If you are already pretty clued up on why this important  feel free to move onto the next section.

I know you probably want to jump right in and look at all the awesome C definitions and byte offsets but I found that its much easier to understand how all these obscure offsets and hex values work if you know a little bit of the intention behind them and appreciate the real complexity of the problem being solved. So lets talk about why C programs need relocation and symbol tables.

We know that code can become pretty big and to make things more refactor-able and reusable, we spit it up into smaller parts(1). There is a natural need that develops: to able to break code up into smaller sub-classes/files or general organizational units. In C/C++ this terminology is referred to as shared libraries and the Elf file format offers this functionality through Relocation, Symbols and Dynamic Linking. That is to say that the "things" being relocated, are symbol and symbols are for the most part variables and functions of different flavors.

Suffice it to say "relocations" will be found in the Relocation Tables and the symbols these refer to will be found in the ELFs Symbol Tables - I should mention also there is more than one symbol table and more than one relocation table, for nothing else than efficiency and extended capability in configuring symbol resolution.

The object of compiling and linking objects

It also helps to picture what the compiler does to achieve a preparation of this information. Knowing what the final goal is helps us suffer through the annoying complex and obscure steps that aid towards it.

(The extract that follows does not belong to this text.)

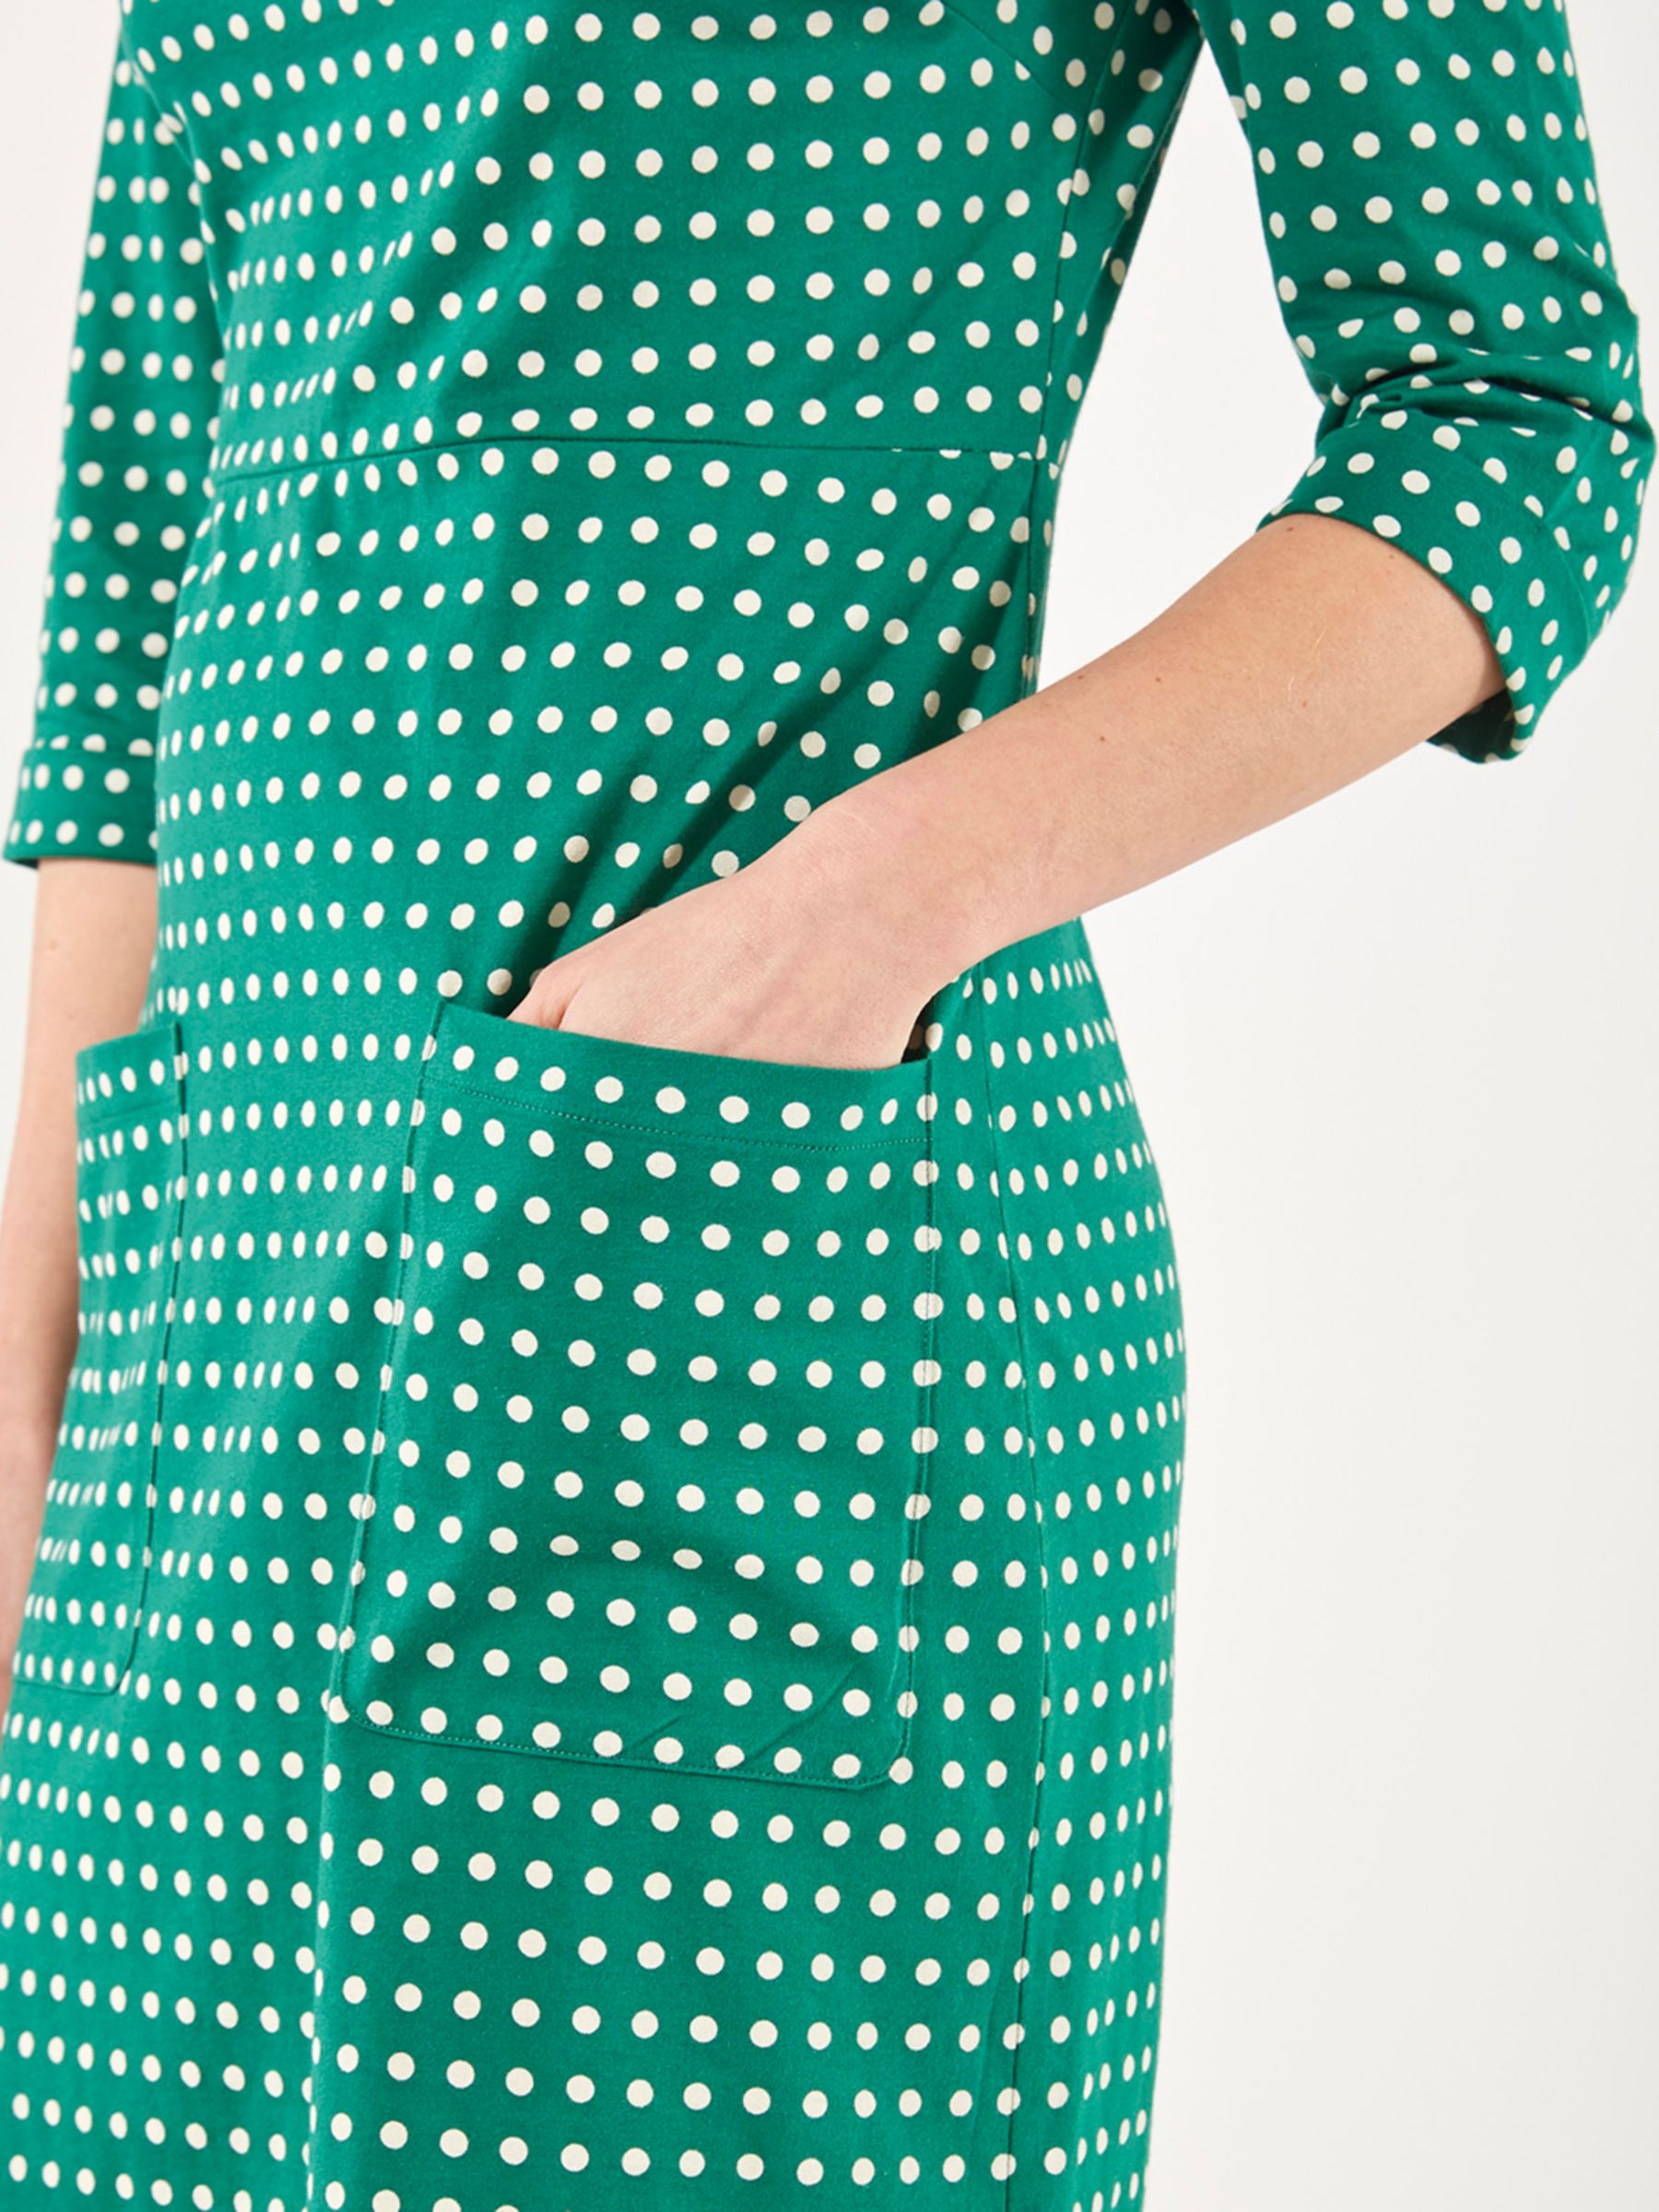 green dress with white spots

When throwing together different shared libraries and object files, the linker decouples the actions of resolving symbols from linking the files together. So essentially there will be a first "sweep"(2) that slaps the different shared libraries and object files into a contiguous sequence.
That action means in the final Elf object file, we are simply adding an offset to the original addresses of symbols that displaces them from where the originally appear in their own files.

An even simpler way of thinking about it would be to say its basically like grabbing a bunch of arrays and sticking them inside another array to build an array of arrays (which is a common action many languages). I've depicted a minimal link and compile process with gcc commands included and even stuck in the real offsets some of the functions got mapped to:

basic compile and link work flow with gcc. To get myself out of trouble I've included a relocate() fake function here to say "when this gets relocated it produces this address for the objects mapping in the final ELF file"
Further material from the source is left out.